C'est seulement au mois d'avril 1982 que le projet de réforme de l'audiovisuel — préparé par le rapport Moinot — vient devant le Parlement.

Après en avoir débattu du 29 avril au 15 mai, l'Assemblée adopte la nouvelle loi. Elle prévoit, notamment, la création d'une Haute Autorité — composée de 9 membres, 3 étant désignés pour trois ans, 3 pour six ans, 3 pour neuf ans, désignés par le Président de la République, le président de l'Assemblée et le président du Sénat — qui devra veiller au respect du pluralisme du service public ; l'abandon du monopole de programmation conduit à accorder la liberté en matière de radio et de télévision, sous certaines conditions cependant : les radios locales pourront donc exister, mais sans recourir à la publicité. Le gouvernement conserve le contrôle du financement. Le droit de grève est reconnu aux personnels de l'audiovisuel qui pourront toutefois être requis pour un service minimum.

En attendant, que les événements qui surviennent soient liés à la politique ou non, la presse connaît une année agitée.

Dès le 26 août 1981, une commission composée des présidents des quatre sociétés (Radio-France, TF1, A2, FR3) et de représentants des syndicats se réunit pour étudier le dossier des journalistes licenciés pour faits de grève et activités syndicales ; 52 d'entre eux seront réintégrés.

À TF1, un conflit oppose André Harris, directeur général des programmes, à Jean-Marie Cavada, directeur de l'information. Le premier, chargé des dramatiques, des émissions culturelles, des variétés, estime avoir un droit de regard sur l'information, ce qui, après une longue série d'escarmouches, conduira à l'élimination du second. La présentation du nouvel organigramme, en septembre, provoque quelques remous. La diffusion, à une heure de grande écoute, d'un reportage sur un sujet délicat, Les trottoirs de Manille, déclenche une protestation de Georges Fillioud, qui envoie au P-DG de la chaîne une lettre sur ce qu'il considère comme une « erreur professionnelle grave ». Cette intervention, pour le moins maladroite, soulève une réprobation générale. Un journaliste, Jacques Hébert, est sanctionné pour avoir modifié une phrase dans une interview. La réflexion « À la télévision, rien n'a changé depuis le 10 mai » est amputée de ses trois premiers mots lors de la diffusion, ce qui est considéré comme une faute politique par les uns, mais aussi comme une erreur de montage par les autres. Après le départ volontaire de Philippe Vasseur, responsable de l'économie, le licenciement de Richard Vernay, rédacteur en chef du temps de Jean-Marie Cavada, Jean-François Robinet, chef du service social et responsable du service agriculture, est mis à l'écart.

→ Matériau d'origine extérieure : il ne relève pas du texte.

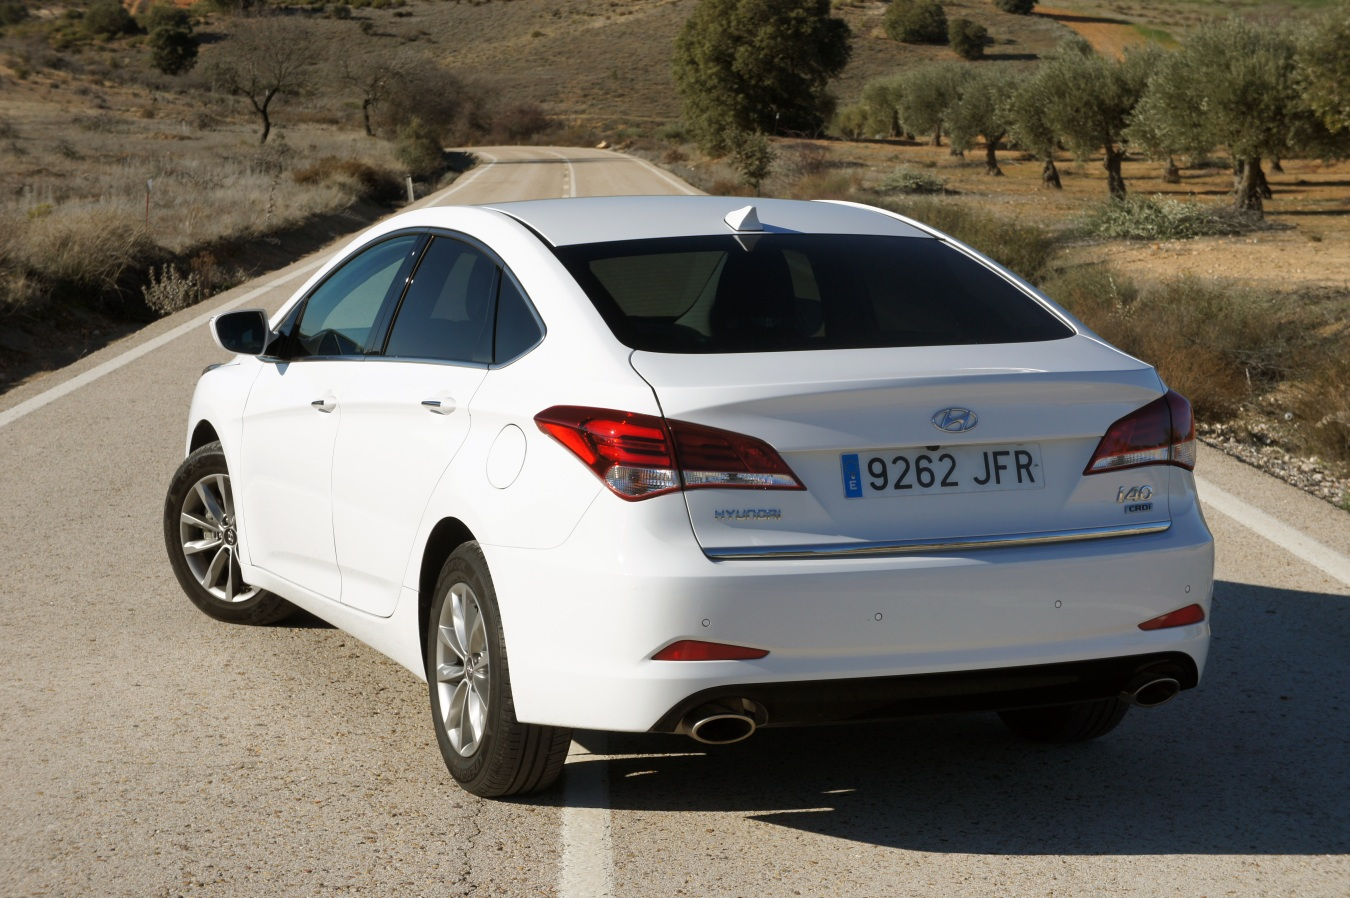 Prueba-Hyundai-i4029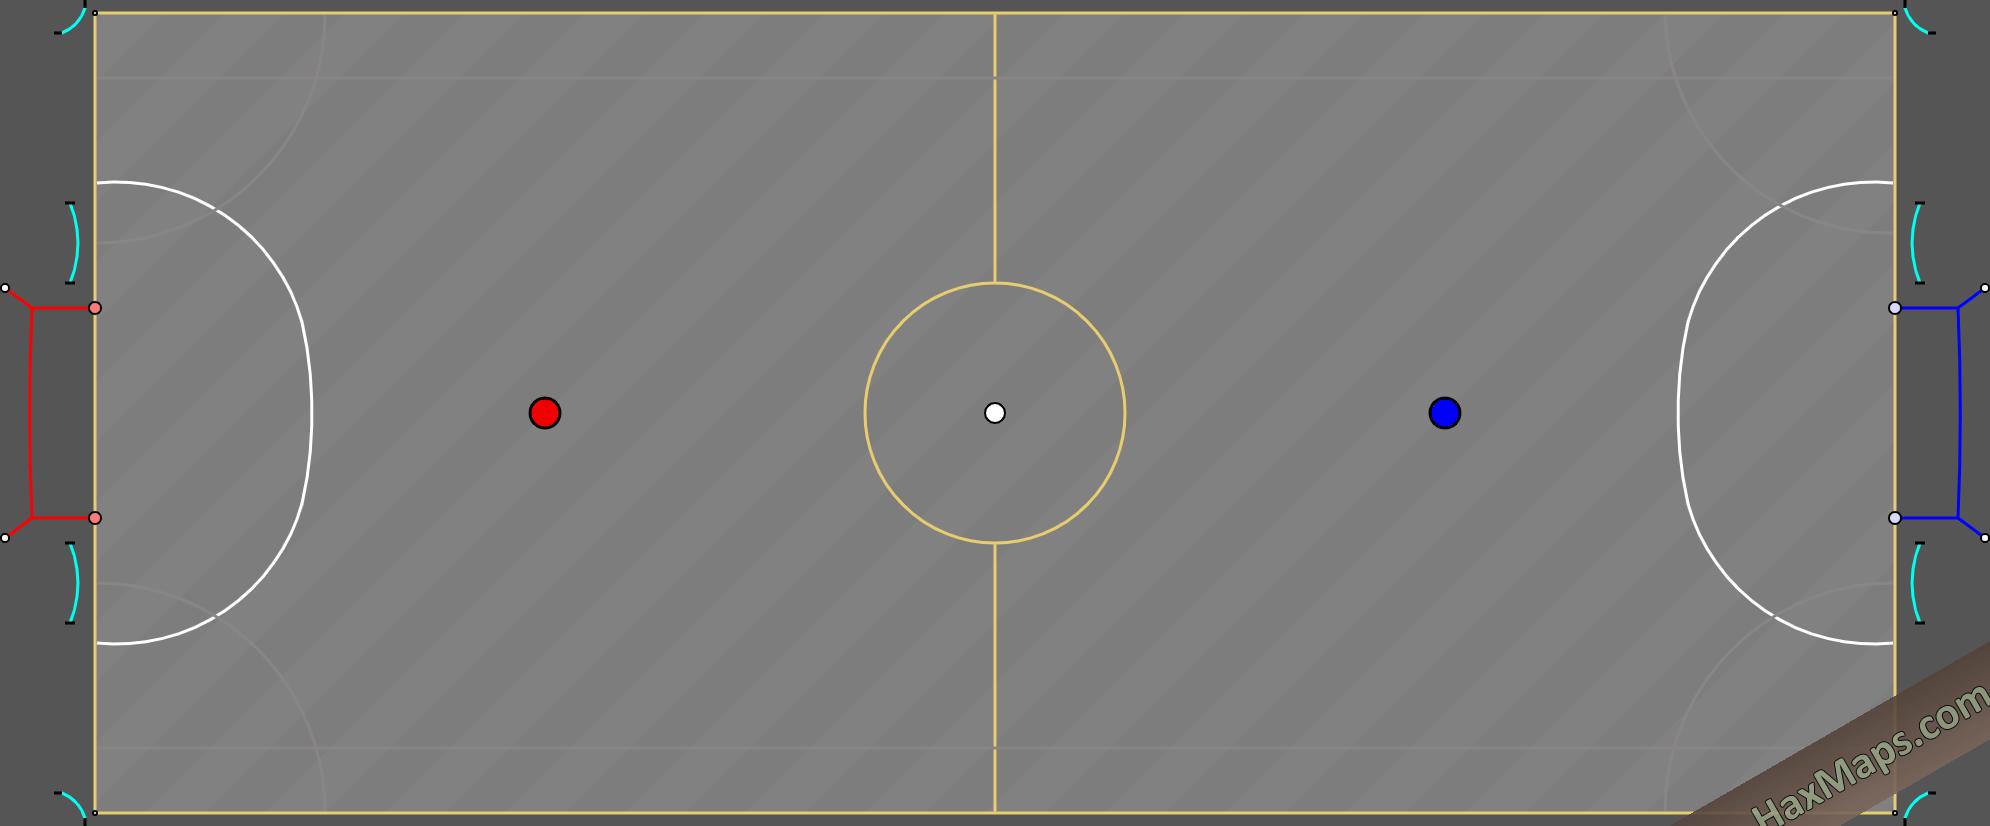 haxball maps | Real Futsal vS

À A2, les journalistes se plaignent d'un manque de concertation et expriment leur défiance vis-à-vis du nouveau directeur de l'actualité, François-Henri de Virieu. Pierre Desgraupes crée treize unités de programmes. Il souhaite davantage de reportages et de magazines axés sur la France et la vie quotidienne. Il désire que soit diffusé une magazine économique et il tient à redonner au grand reportage ses lettres de noblesse.